At the center of this political storm is Baxley, who describes a nation in which government now plays a role in prematurely ending human life.

Today, after attending the annual Legislative Prayer Breakfast with Gov. Jeb Bush and other legislators, Baxley will urge fellow House members to vote to keep Schiavo alive.

"Our culture is on a death march," Baxley said. "Now, we're even to where we're going to sit here and debate whether somebody should be starved to death."

His critics say Baxley is making a mockery of Republicans principles of less government, family values and individual responsibility.

"What we're doing is not prolonging life. We're prolonging death," said Rep. Eleanor Sobel, D-Hollywood. "This bill is about Terri Schiavo, and let's face it, folks, we are rushing this through."

Baxley, 52, is a fifth-generation Floridian and son of a Southern Baptist minister. He vividly recalls touring orange groves with his grandfather at age 4 and being handed a pocketknife with strict directions on how to trim the shoots.

He's also the only funeral director in the Florida Legislature.

Bald and bespectacled, Baxley has the steady demeanor and expressionless face of an undertaker - until the topic turns to life and death.

After having three children, Baxley and his wife adopted a son, Jeffrey, who was left blind and brain damaged as an infant after being severely shaken. Now 18, Jeffrey rides a bus weekly to and from the Florida School for the Deaf and Blind in St.

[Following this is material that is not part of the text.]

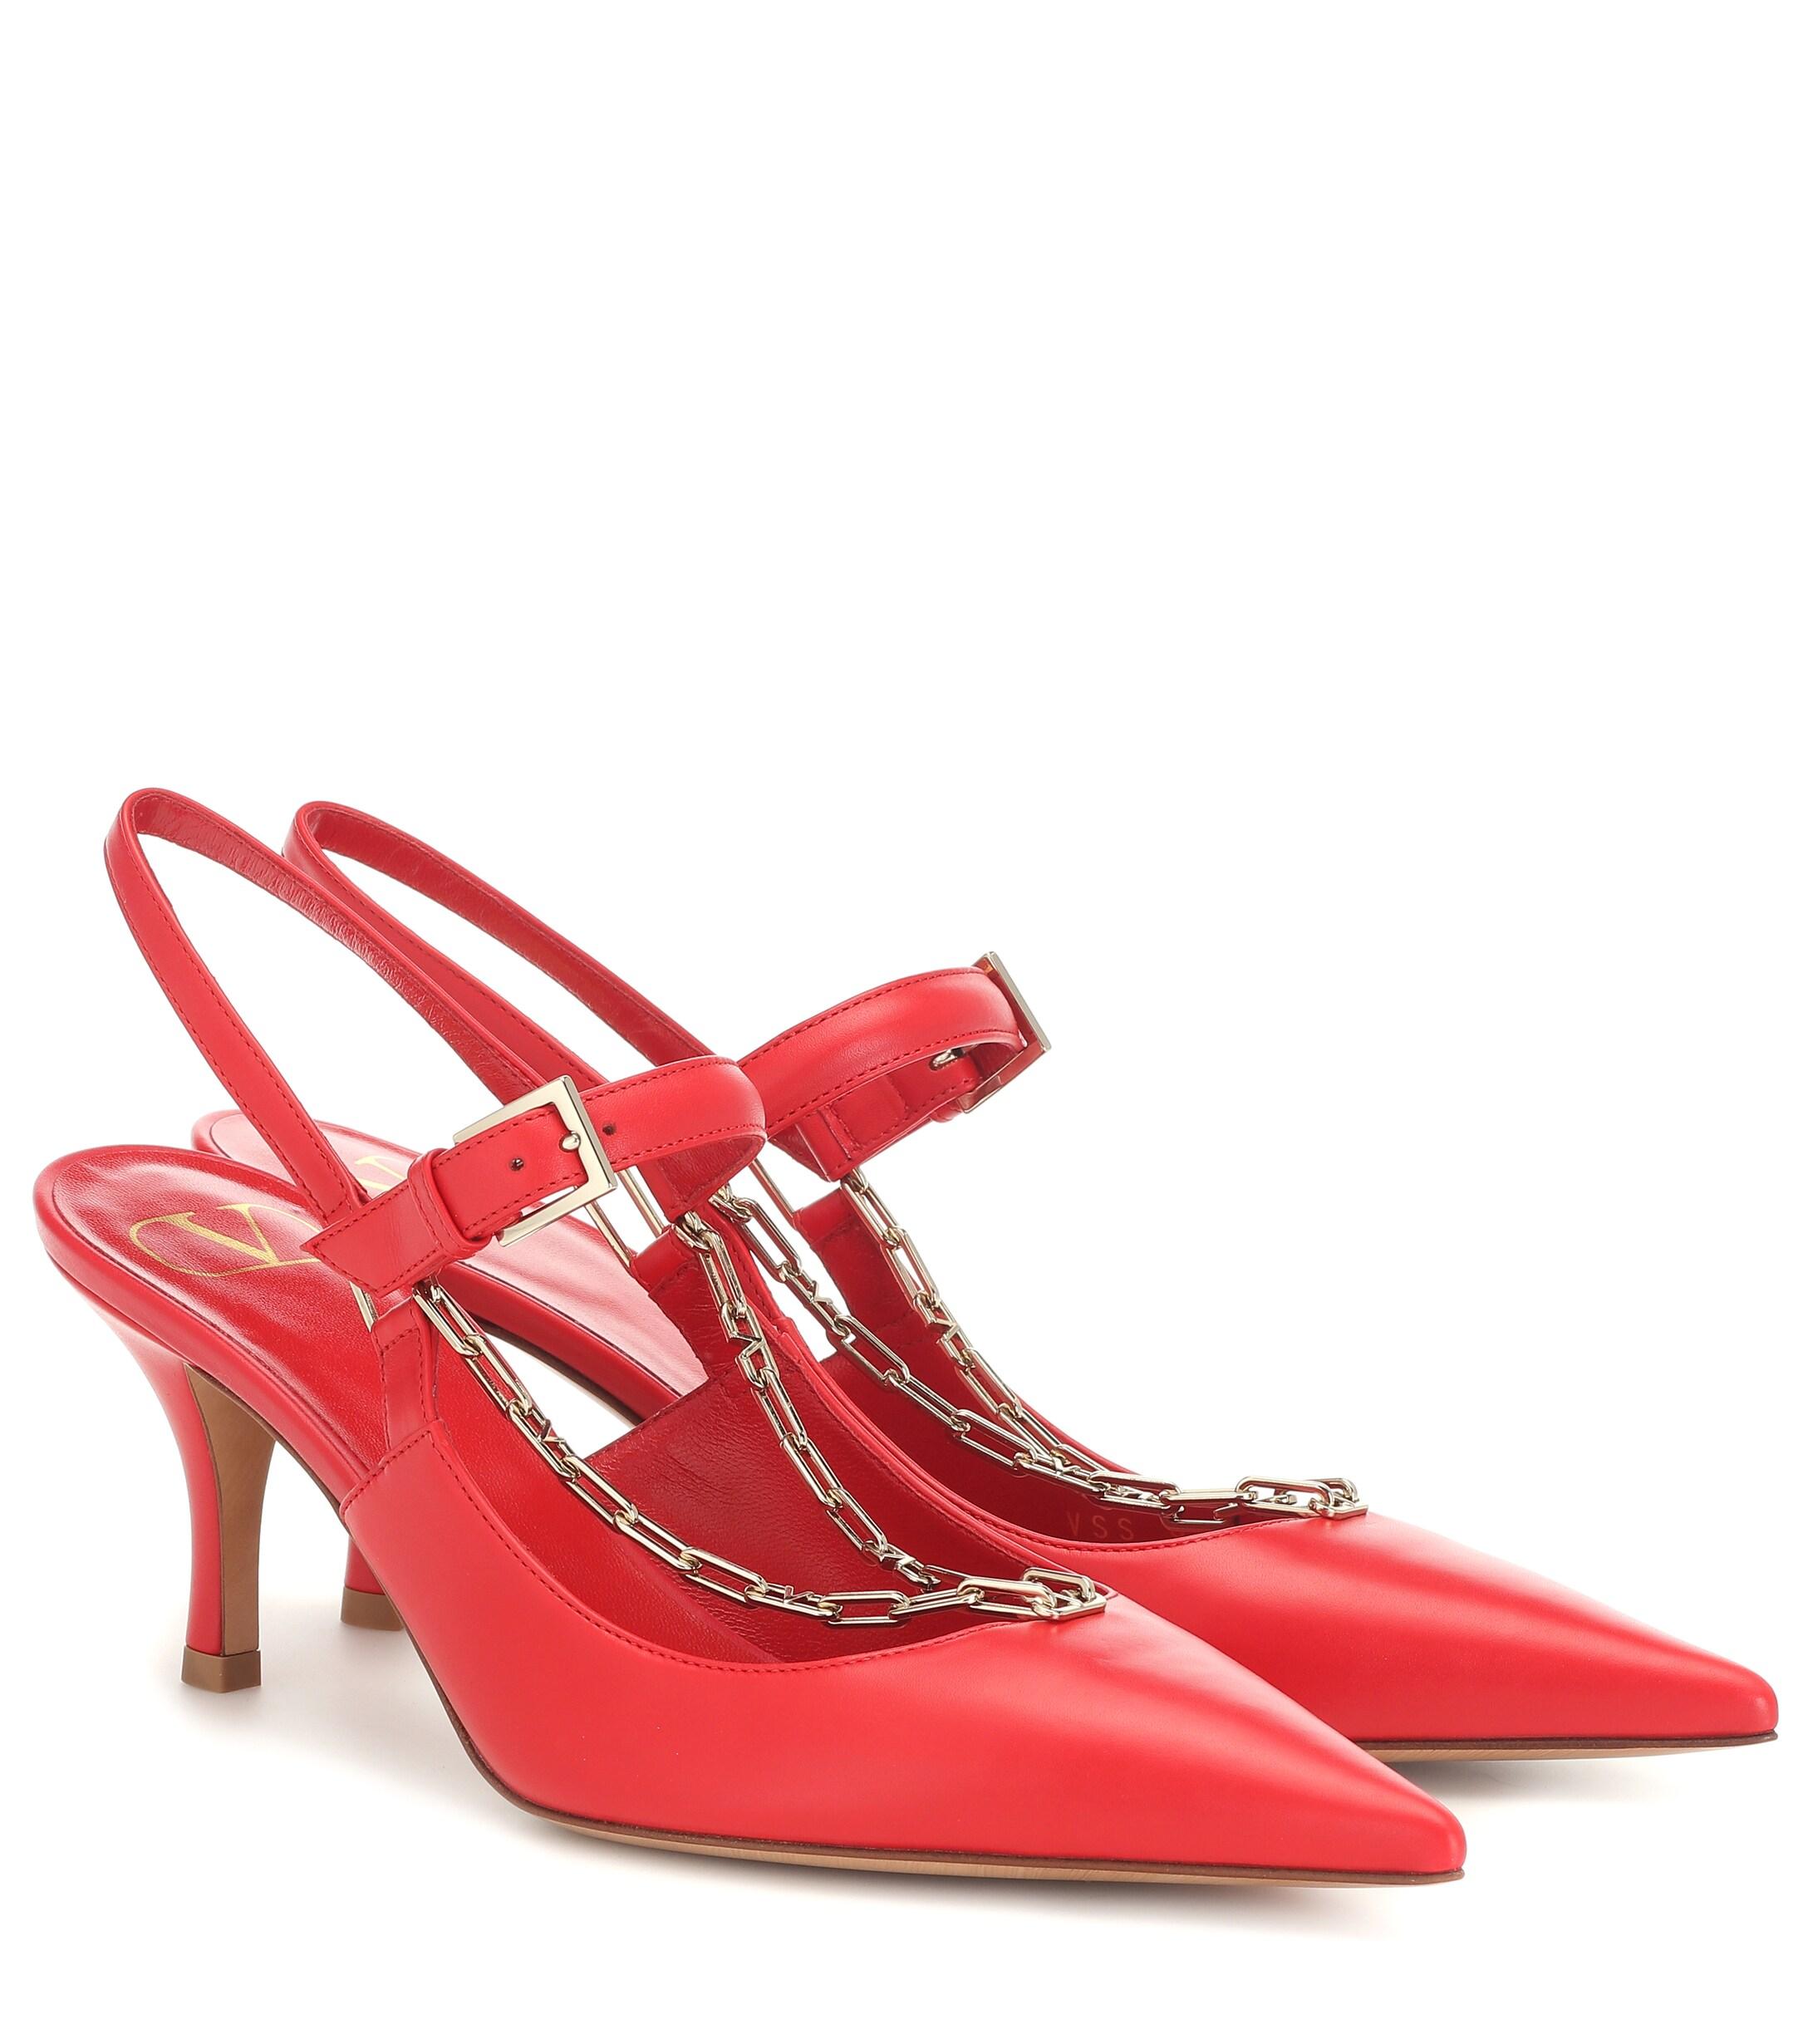 Valentino Chain Leather Pumps in Red - Lyst

Augustine.

As he made an impassioned argument for his bill in a House committee Tuesday, Baxley mentioned "a little boy in my life," and his voice broke.

"I began to question myself, why was I so caught up in this?" Baxley said later in his corner office on the Capitol's second floor. "It is my awareness that my son has taught me about the vulnerability of a brain injury."

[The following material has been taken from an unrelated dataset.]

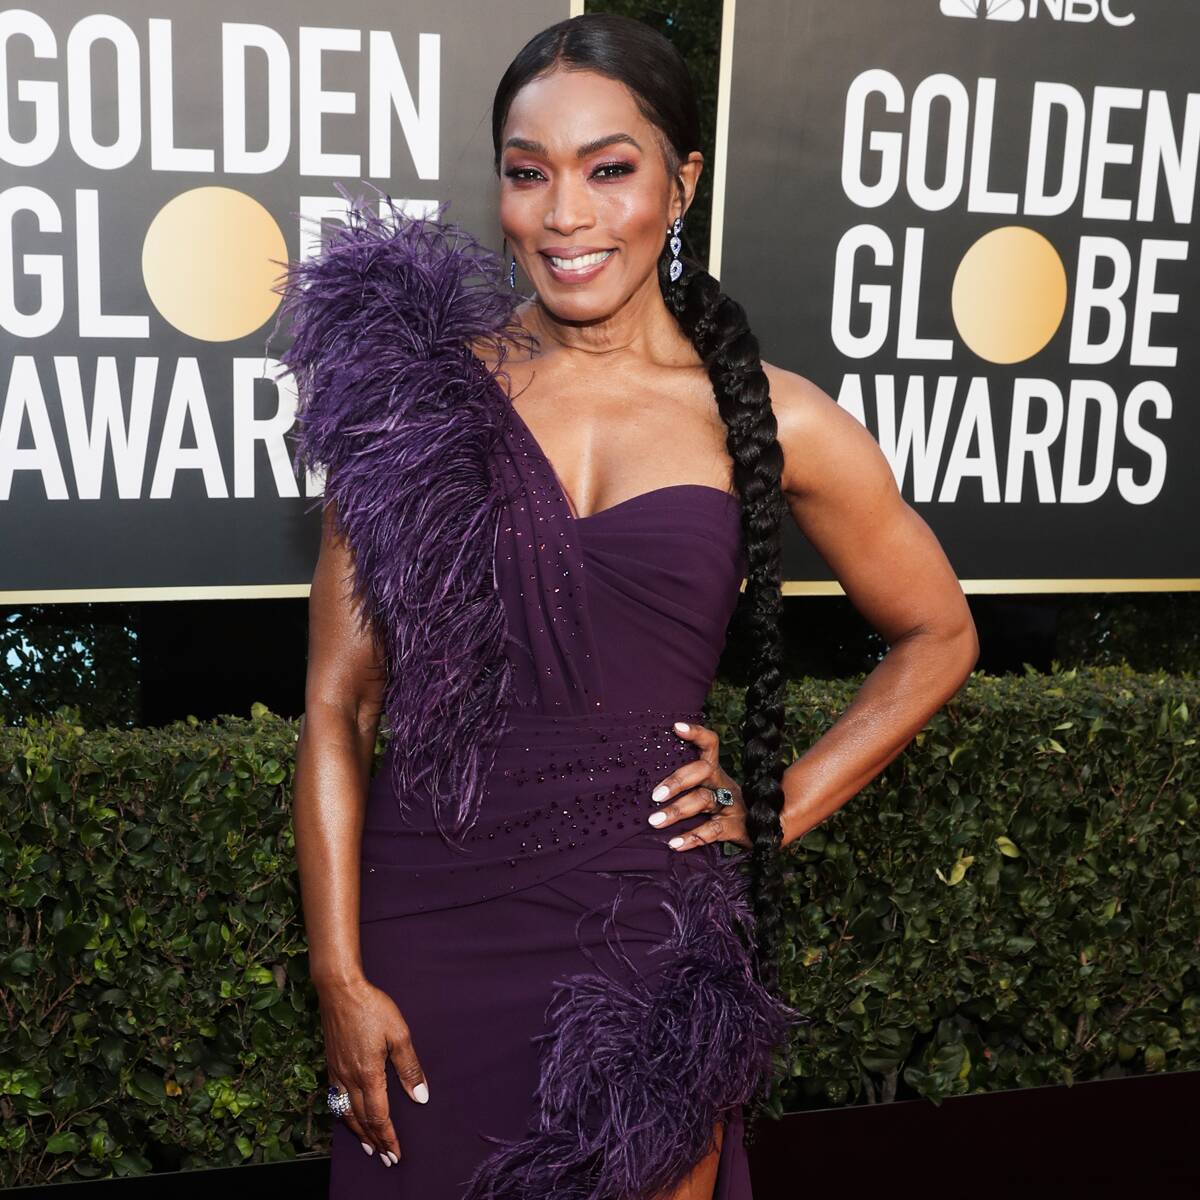 Angela Bassett Brings the Glamour in a Royal Purple Gown at the 2021 Golden Globe

After working for three years to adopt Jeffrey, the Baxleys adopted his sister, Renee, 15. Dyslexic, she attends a Catholic high school where, he said, she plays softball and the clarinet and gets attention for her learning disability.

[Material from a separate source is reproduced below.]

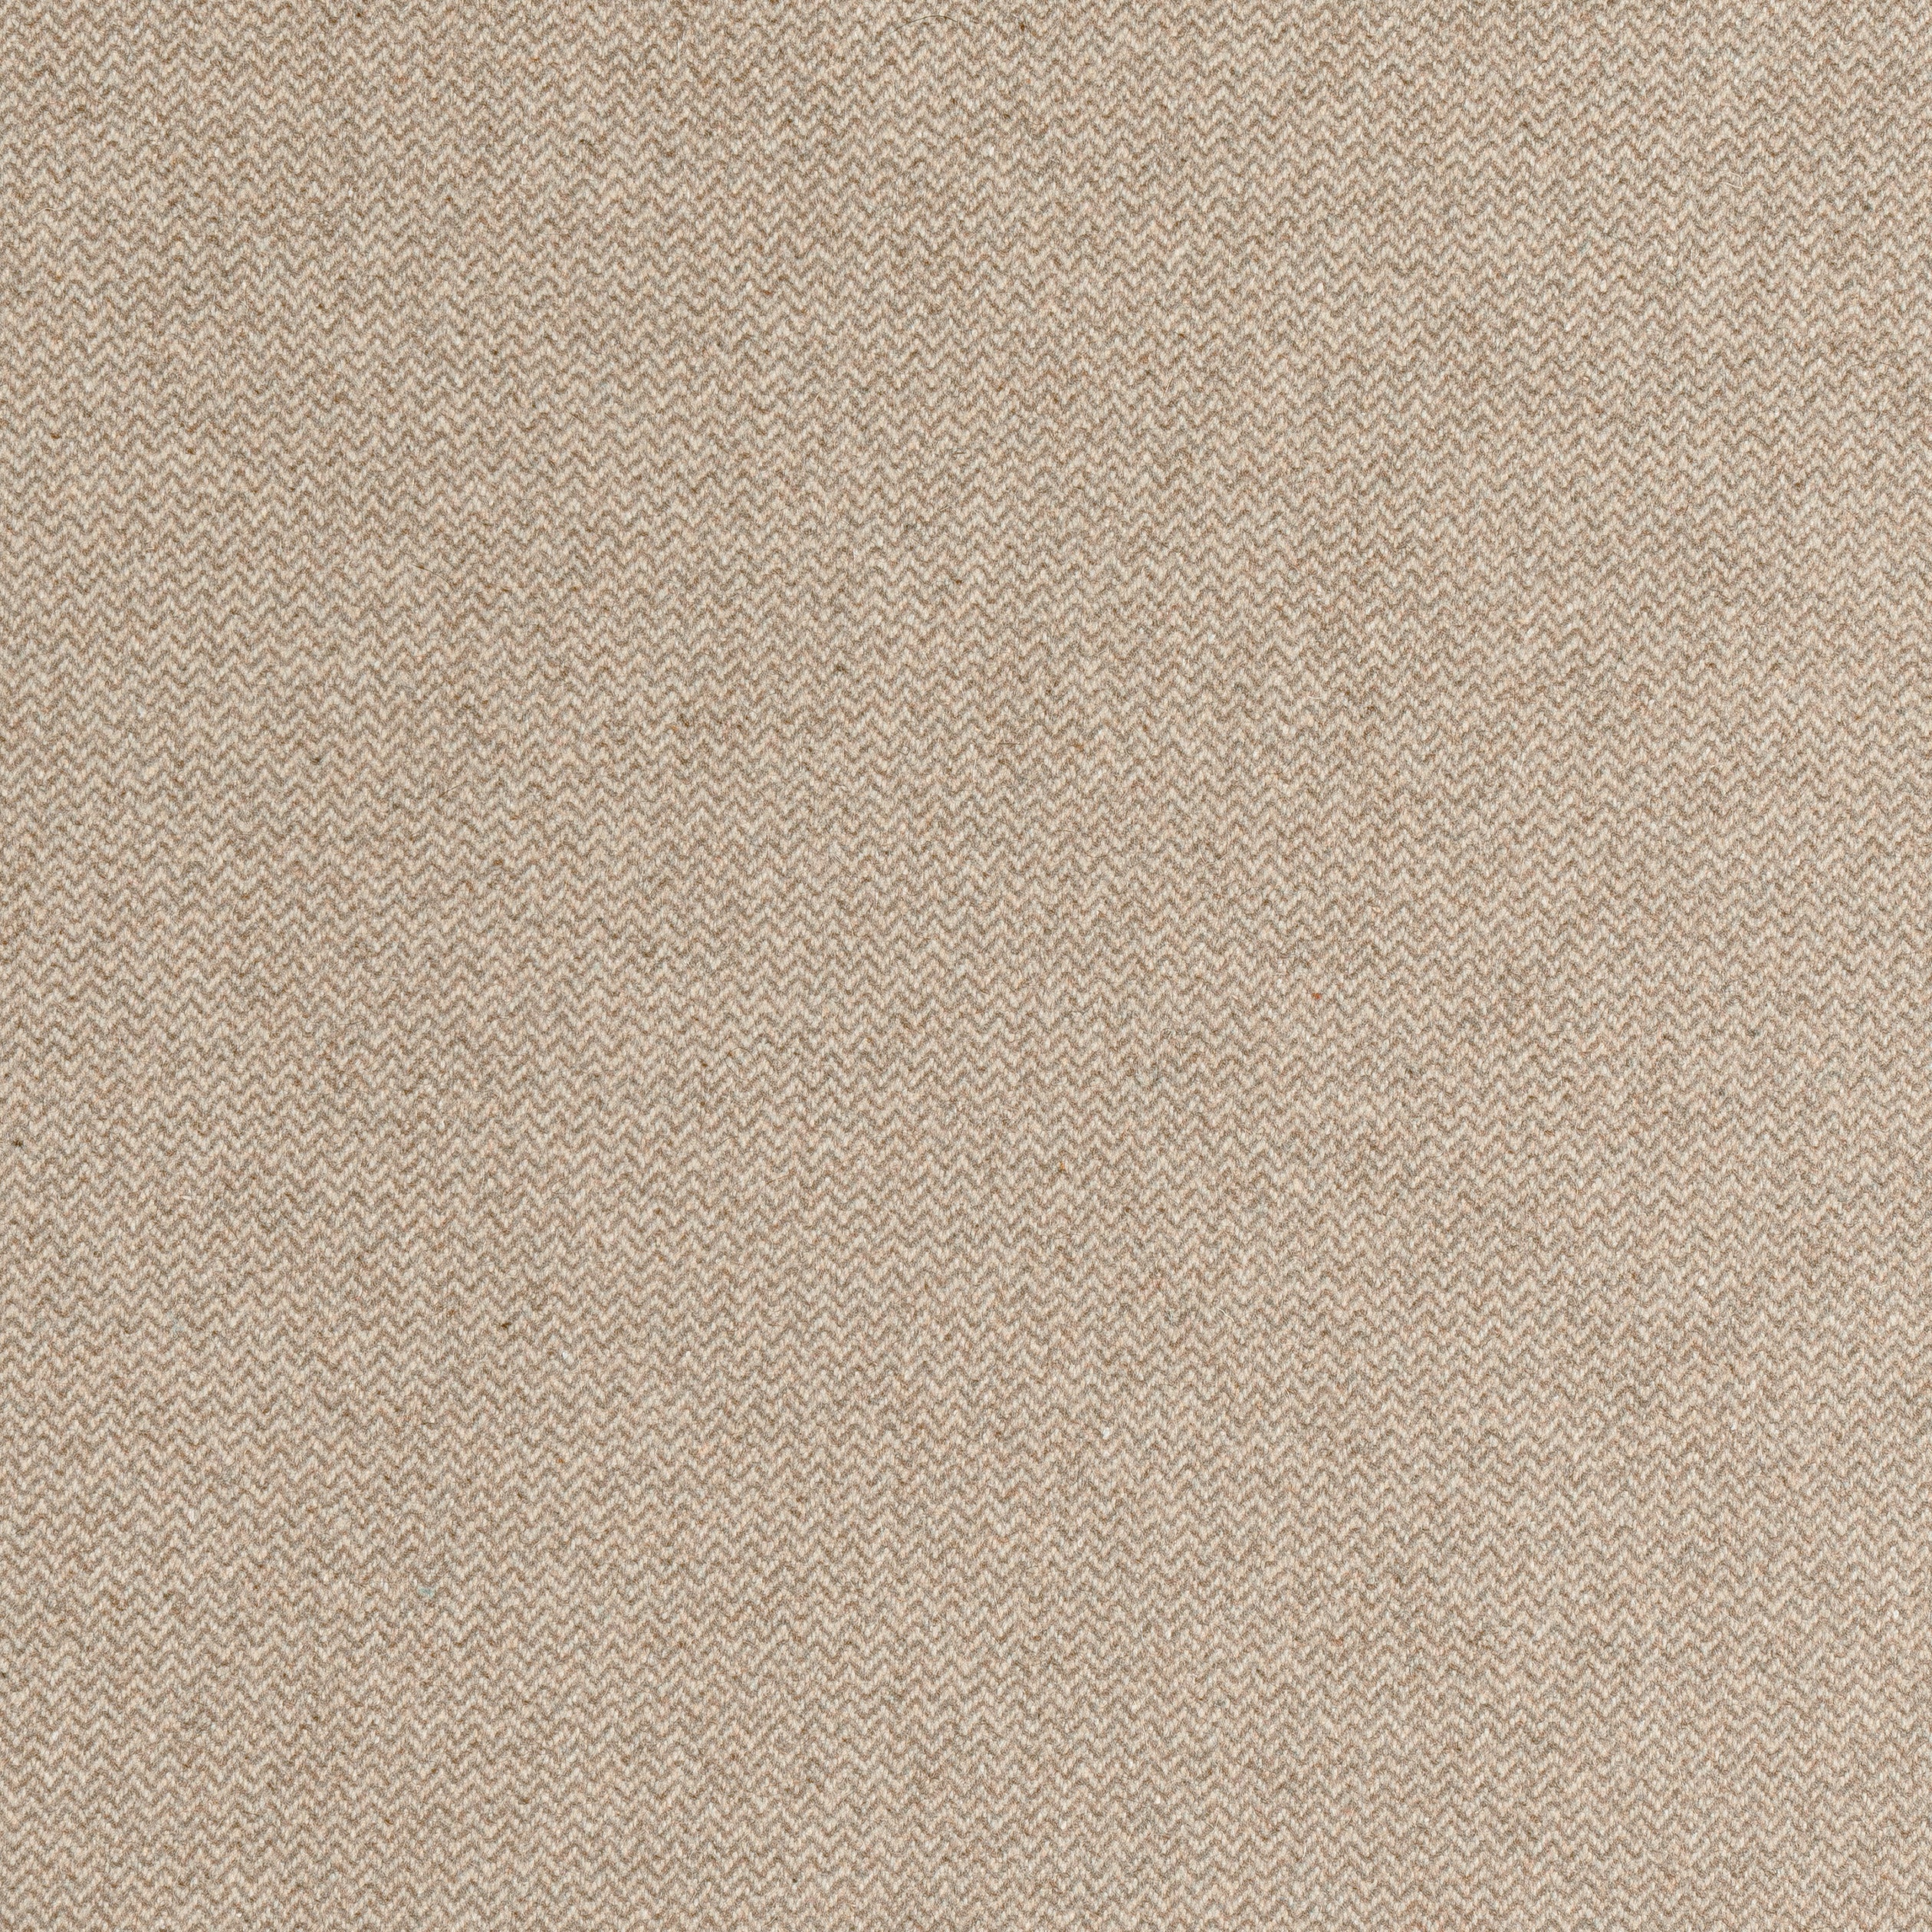 Dorset fabric in fawn color - pattern number W80918 - by Thibaut in the Dunmore collection

He reaches for the Bible on his desk and quotes from Matthew, 25:35: "For I was hungry and you gave me to eat; I was thirsty, and you gave me to drink; I was a stranger, and you took me in."

Only in America, Baxley says, could Jeffrey have found a second chance.

Rep. John Stargel, R-Lakeland, one of Baxley's closest friends in the House, said Baxley's passionate support for prolonging life is real, not political.

"Dennis is a compassionate, caring person, and that has been his lifestyle. He doesn't just give lip service to the fact that he thinks every human has value."

Baxley's approach has alarmed other legislators who see him as using the Schiavo case as a platform to promote his ideology. But on Wednesday, several other House Republicans hammered out a new version that some Democrats find more reasonable.

"The original bill was advancing an ideological position," said Rep. Dan Gelber, D-Miami Beach. "Moderation seems to be the current vogue."

Gelber said the legislation is still unconstitutional because it would apply retroactively to "every living person," including Schiavo. "You have a due process right to not have a tube put into your stomach," said Gelber, a lawyer.

Baxley said his position is not at odds with Republicans ideology.

"If a husband beats his wife, we interfere," he says. "If they mistreat their animals, or be cruel to them, we interfere. We protect the innocent, and we try to interfere just as little as possible. That's how I reconcile it."

Baxley's mother, who suffered from a variety of ailments, made a written directive in which she said she wants no extraordinary means to prolong her life. But as her kidneys failed, she decided she would accept dialysis treatments.

"Sometimes, you just want one more comfortable day," Baxley said.

Baxley does not have a written directive, commonly called a living will, on whether he would want to be kept alive with a feeding tube.

He said he does not trust how that might be used, worrying that it could be used to prematurely end a life.

"I'm not worried about that," Baxley said. "My family knows how I think. We respect life."